# retic sexing pics



## sounddrive (Jan 4, 2007)

just wanted to see if anyone had any male, female pics to help sex my retic. i used to think it was a male but in the past 3 weeks it has become rather plump.
thanks
Steve


----------



## sports_doc (Nov 15, 2004)

Steve

I'm personally of the opinion that you cant accurately sex them by size/bulk/ look.

In the past I tried to use 'hip width' of the pelvic bones, but really it is an inexact 'science'. 

Sorry

Maybe someone else can help.

S


----------



## sounddrive (Jan 4, 2007)

thats kinda what i figured, i got it from a friend and it looked male, after quarantine i put it in a springtail heaven and now its fat and round. thats going to make finding the proper mate a task in it self. thanks for the info.


----------



## kyle1745 (Feb 15, 2004)

As stated a bit tough, but If they are adults (1 yr or so) the females seems to be a bit longer from nose to butt. Females seem a big rounder at the hips too. I've had a pair that was very clear who was who, and another where it was impossible to tell.


----------



## sounddrive (Jan 4, 2007)

what kind of difference, anyone know the lenght on a male and a female. mine is around 1.5yrs old so well into full grown.


----------



## sounddrive (Jan 4, 2007)

here is a pic of it id say its alittle small to be a female. it total length it close to 15-16mm.
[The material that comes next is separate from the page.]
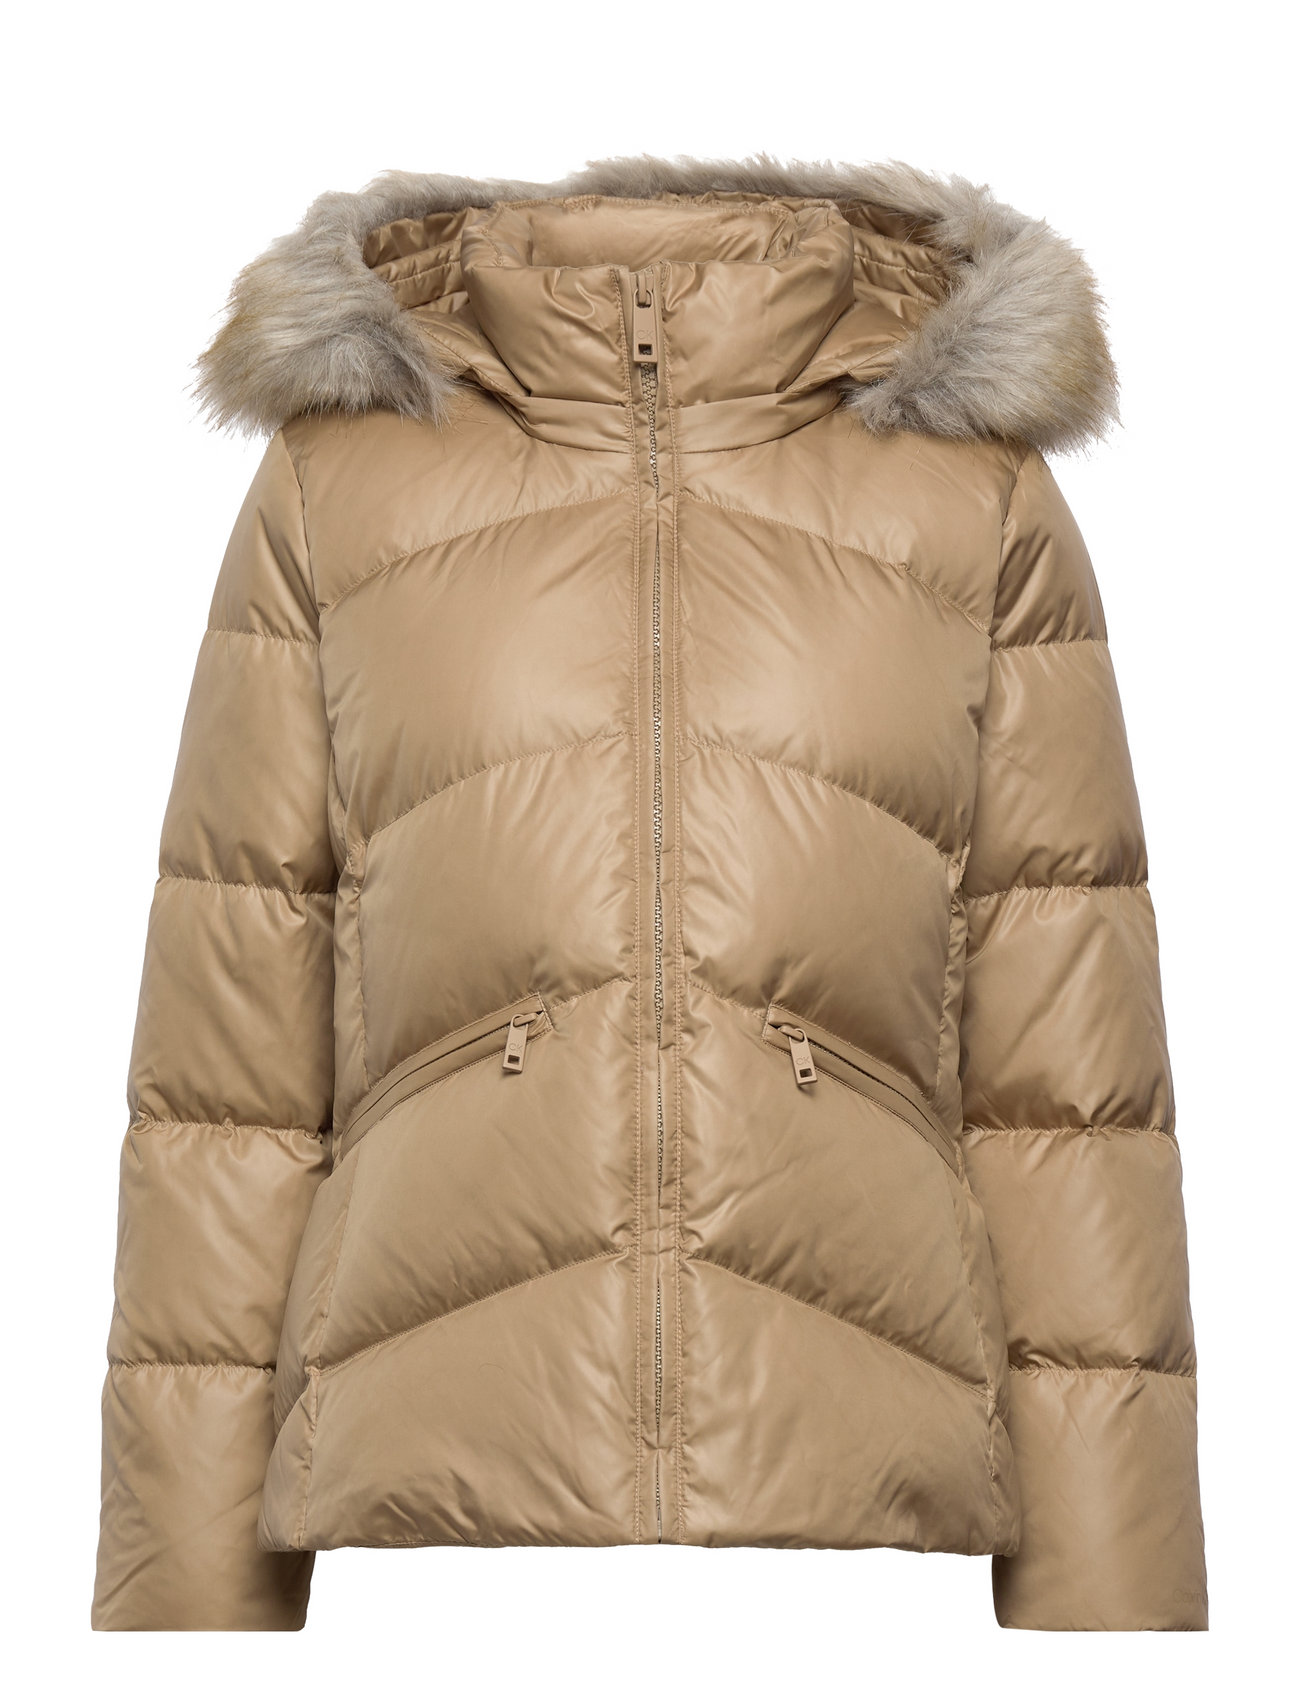 Calvin Klein Essential Real Down Fast online 349.90 Buy from Down- at and returns Boozt.com. Calvin Klein easy & delivery padded jackets - Jacket €
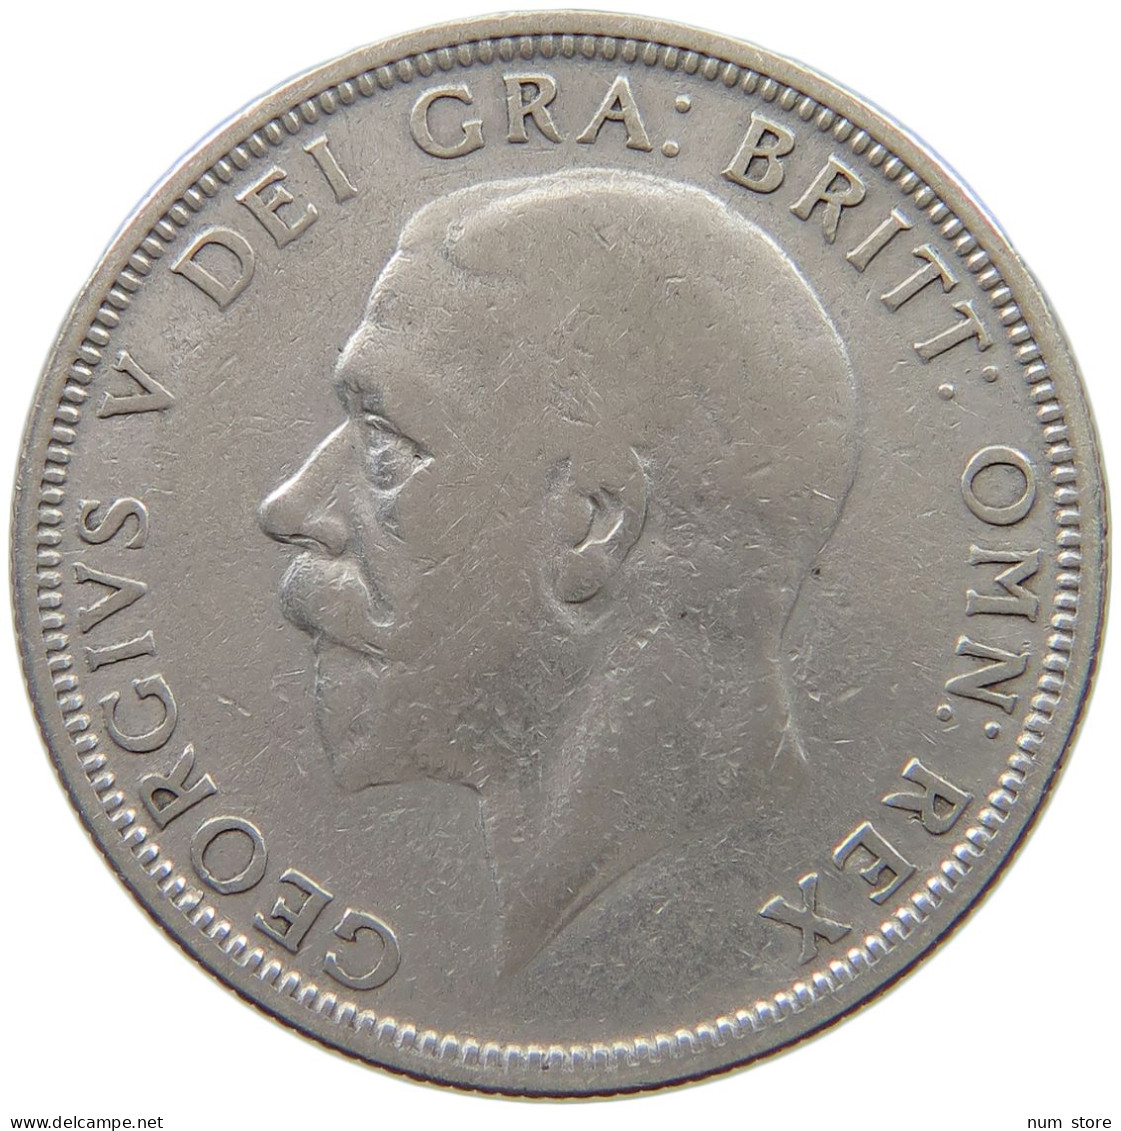 GREAT BRITAIN FLORIN 1931 George V. (1910-1936) #a090 0695 - J. 1 Florin / 2 Shillings

its plumped up a bit since this one.


----------



## rmelancon (Apr 5, 2004)

In my experience, healthy adult males are always more slender than healthy adult females.


----------



## sounddrive (Jan 4, 2007)

i would love to see an adult female compared to a male might make this a bit easier.


----------



## Julio (Oct 8, 2007)

what is the max size for these guys anyway? 20 mm?


----------



## sounddrive (Jan 4, 2007)

well i finally caught him calling today so its definitely a male now to locate on of those pesky females

and 14-16MM in males females alittle bigger 17-20mm


----------